Nem mesmo dois anos marcados por um verdadeiro “canavial de fortes emoções” (no qual se testemunhou a quebra de dezenas de empresas e acusações de falta de apoio do governo ao setor) foram suficientes para fazer com que esta cultura perdesse seu charme. Prova disso é que os substratos da cana (como o bagaço, a palha e o vinhoto) continuam sendo disputados por inúmeras empresas.

A começar pela paulistana GranBio, a primeira a colocar em operação uma usina de etanol de segunda geração (2G), produzido a partir da palha e do bagaço desta gramínea. A usina situada no interior de Alagoas começou a operar no ano passado. Outras que seguiram esta trilha foram a paulistana Raízen, comandada pela família Ometto, e a espanhola Abengoa, cujas bases produtivas ficam em São Paulo.

Apesar de mais caro em relação ao método tradicional, a produtividade do 2G é extremamente elevada, o que equilibra a equação. “Alguns destes projetos têm potencial para produzir até 10 mil litros por hectare”, destaca Artur Yabe Milanez, gerente do departamento de Biocombustíveis do Banco Nacional de Desenvolvimento Econômico e Social (BNDES). Um salto e tanto se considerarmos que o setor levou quase 30 anos para elevar a produtividade de três mil litros por hectare para os atuais sete mil litros, nas lavouras convencionais.

Mas no que depender do paulistano Alessandro Gardemann, 32 anos, o etanol 2G não será o único destino do bagaço de cana. Nem a vinhaça seguirá apenas adubando as lavouras. O empreendedor enxerga estes componentes como valiosos insumos para a fabricação de biogás. Para isso ele criou a Geo Energética, uma empresa emergente no tamanho, mas superlativa na ambição. “Vamos investir R$ 2 bilhões para implantar 40 usinas pelo Brasil afora, capazes de gerar 600 megawatts de energia elétrica”, disse a 1 Papo Reto.

Como funciona

O sistema desenvolvido pela empresa leva em conta a degradação da matéria orgânica. O gás se dá a partir da decomposição destes insumos, cujo processo é acelerado a partir do uso de bactérias desenvolvidas nos laboratórios de empresas de biotecnologia. É este gás metano que alimenta as turbinas de termelétricas.

Porém, Gardemann deixa claro que a grande sacada da Geo Energética foi o desenvolvimento do processo produtivo. “Nosso maior diferencial é o tamanho dos reatores e a eficiência gerada no processo”, conta o empresário sem, no entanto, abrir mais detalhes. De acordo com o empresário, essa tecnologia já vem se provando eficiente desde 2006, quando foi inaugurada a primeira planta-piloto da empresa.

Em 2010, foi aberta uma unidade em escala industrial no Centro de Pesquisas e Referência em Biogás, em Londrina (PR), na qual foram investidos R$ 60 milhões. Uma parte dos recursos foi obtida por meio de linhas de financiamento do BNDES e da Financiadora de Projetos (Finep), ligada ao Ministério da Ciência e da Tecnologia.
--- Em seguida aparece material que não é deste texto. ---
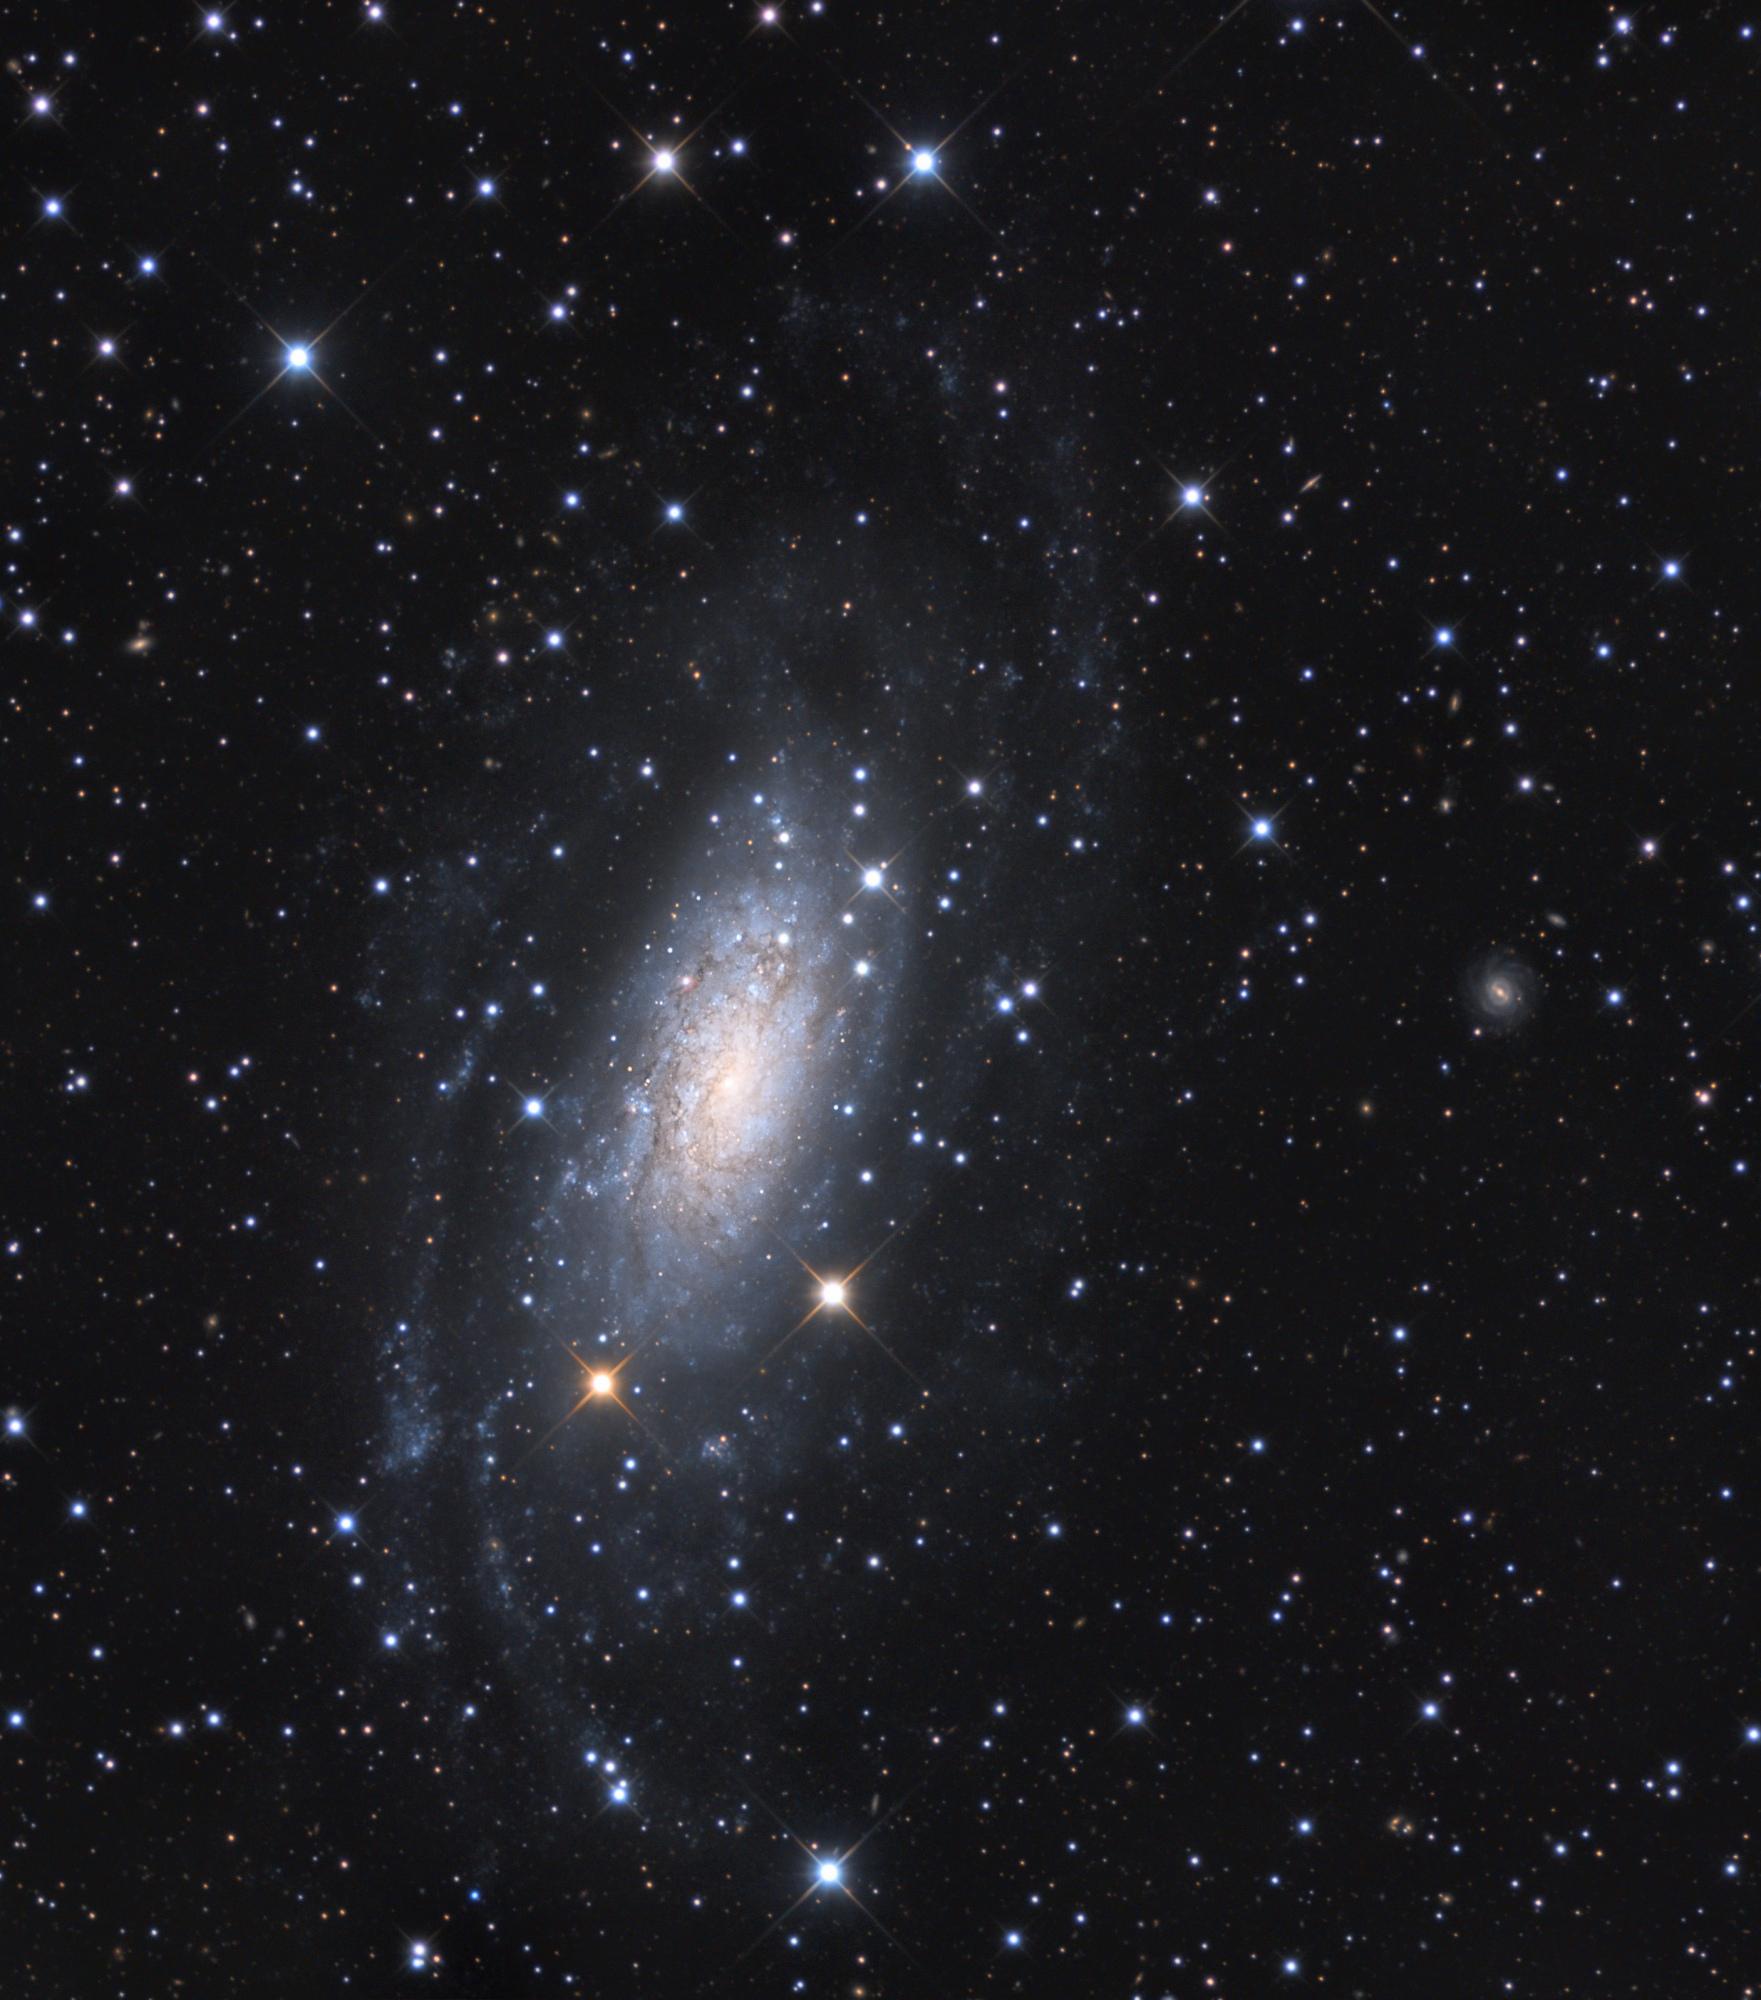 NGC3621LRVB-V24-PSat-PClair-Publi.thumb.jpg.5ad8e17e9f15062b53c78ce2921553ea.jpg

A unidade tem capacidade de produzir 4 megawatts de energia (MW), suficientes para abastecer cerca de seis mil residências.
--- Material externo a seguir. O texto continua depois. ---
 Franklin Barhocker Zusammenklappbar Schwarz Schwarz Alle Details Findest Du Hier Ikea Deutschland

O trabalho chamou a atenção de gigantes globais como a americana General Eletric (GE), que comprou, em 2013, uma parte da Geo Energética. “Isso indica que estamos no caminho correto”, avalia Gardemann. Apesar disso, o empreendedor sabe que ainda terá de trilhar um longo caminho pela frente, para que sua empreitada consiga um lugar no disputado setor brasileiro de energia.

Um dos grandes obstáculos é a falta de uma política tarifária que contemple as especificidades do biogás. A expectativa era que no leilão A-5, que será realizado pela Agência Nacional de Energia Elétrica (Aneel) em 27 de abril, esta fonte fosse contemplada. O que acabou não ocorrendo, uma vez que foram definidas apenas os valores para a participação de projetos eólicos e de geração de eletricidade a partir da biomassa.

Gardemann deixa claro que não pretende disputar espaço com as usinas tradicionais de etanol, que usam a queima do bagaço e da palha para produzir energia no sistema de cogeração a partir da movimentação de turbinas a vapor. Tampouco, quer concorrer com as hidrelétricas ou as termelétricas.

Seu foco são os grandes consumidores de energia, especialmente do setor industrial que se satisfazem sua demanda no chamado mercado livre e não podem prescindir deste insumo. “A energia gerada a partir do uso do biogás será sempre complementar”.